━━━━━ Recorded data ━━━━━
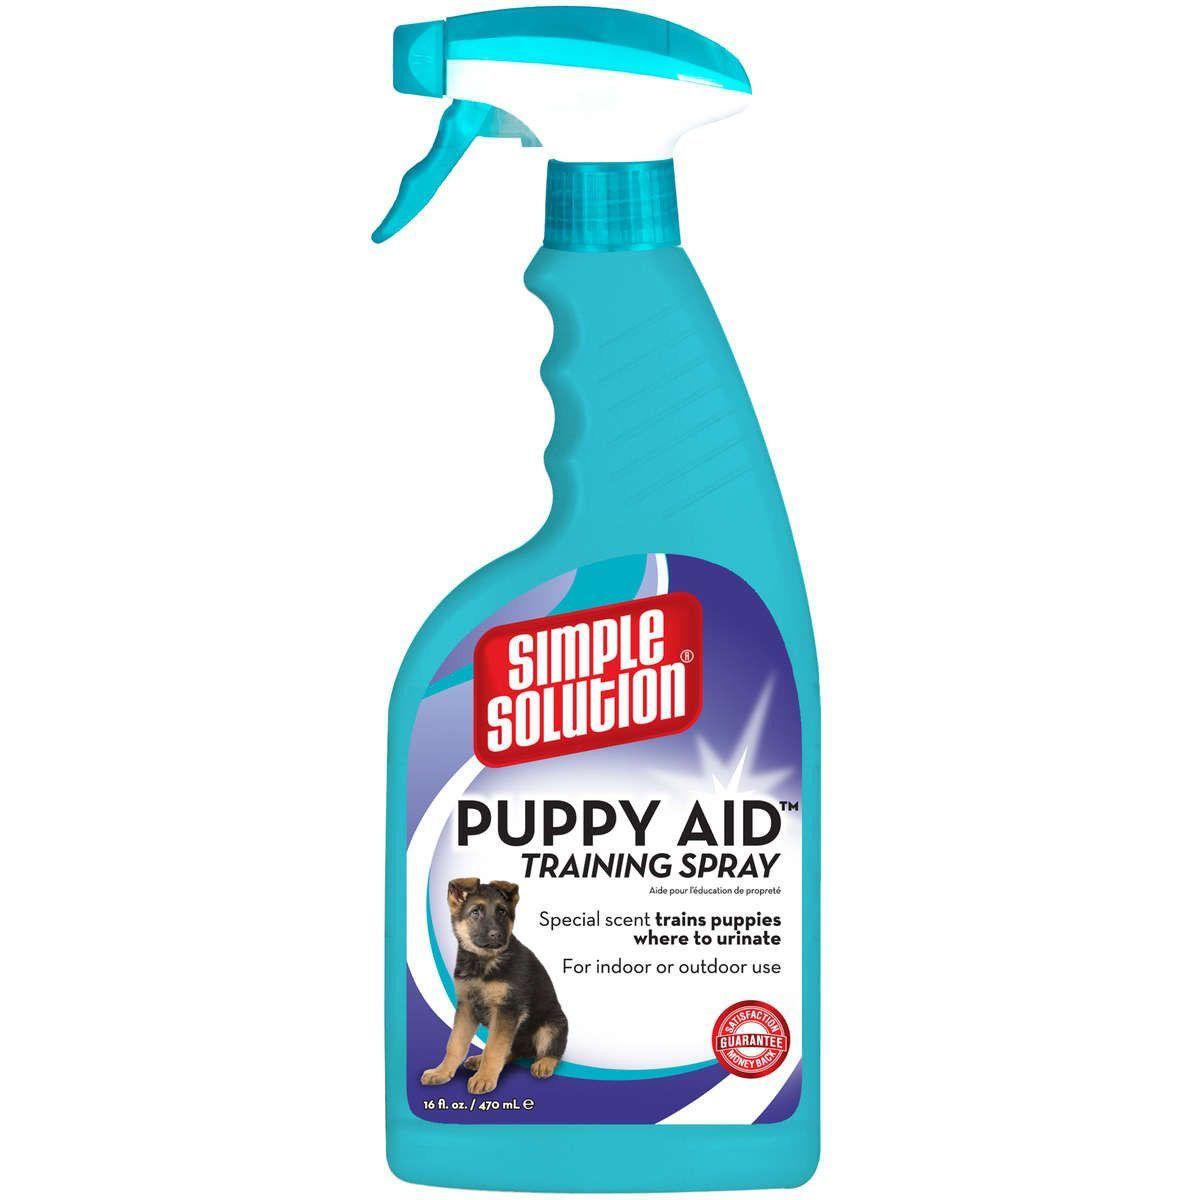 Simple Solution Puppy Aid Training Spray 16oz 1 7 X 3 9 X 11 Potty Training Puppy Dog Potty Training Puppy Pads Training
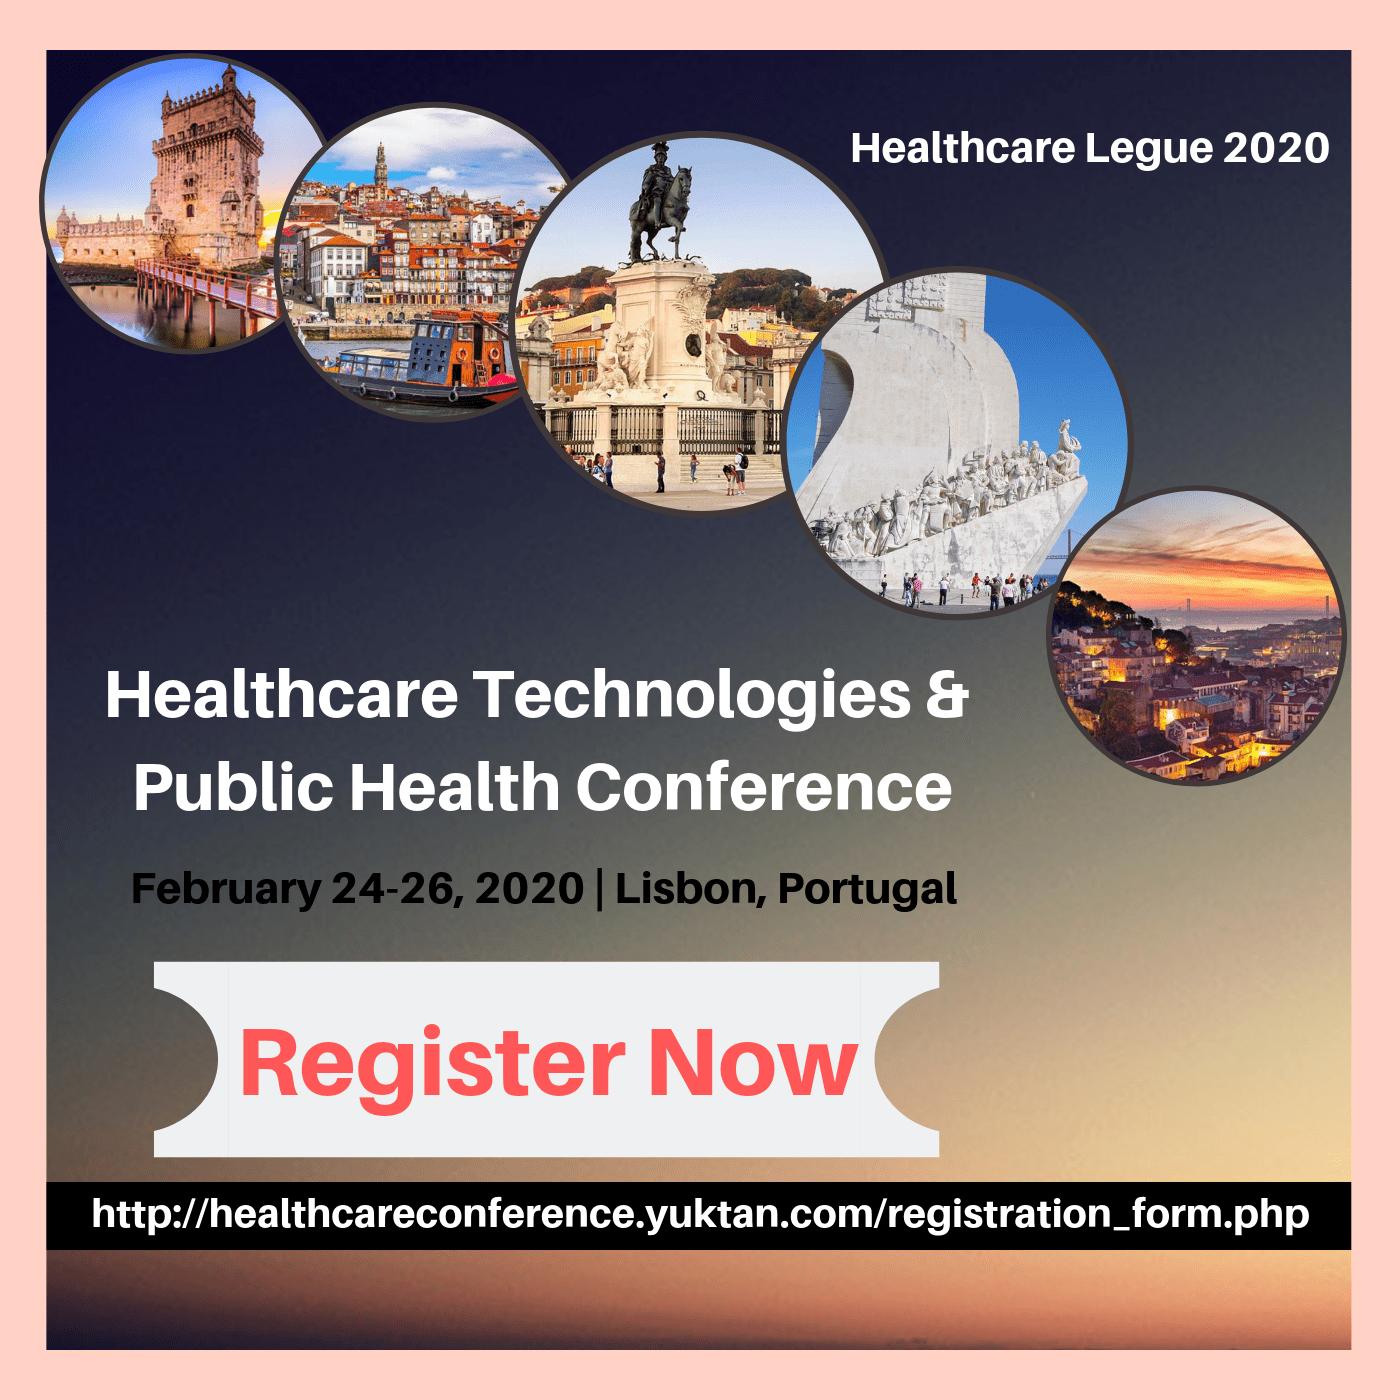 Healthcare_Legue_2020
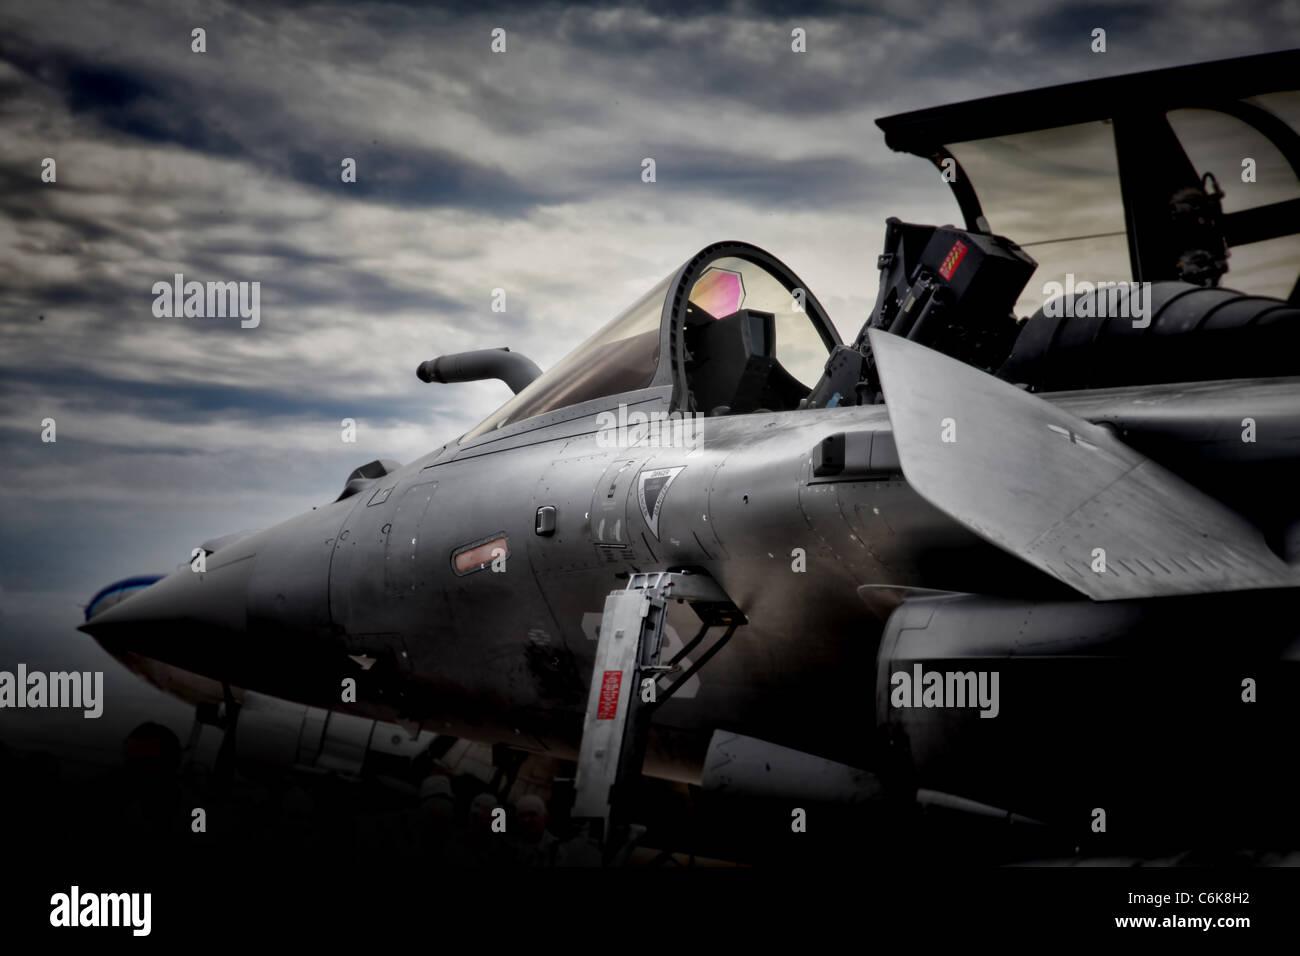 Dassault Rafale Fighter Jet Stock Photo 38532510 Alamy
━━━━━
Your objective
In full and without any pictures, print the listing above exactly.

Exercise response
 Simple Solution Puppy Aid Training Spray 16oz 1 7 X 3 9 X 11 Potty Training Puppy Dog Potty Training Puppy Pads Training
 Healthcare_Legue_2020
 Dassault Rafale Fighter Jet Stock Photo 38532510 Alamy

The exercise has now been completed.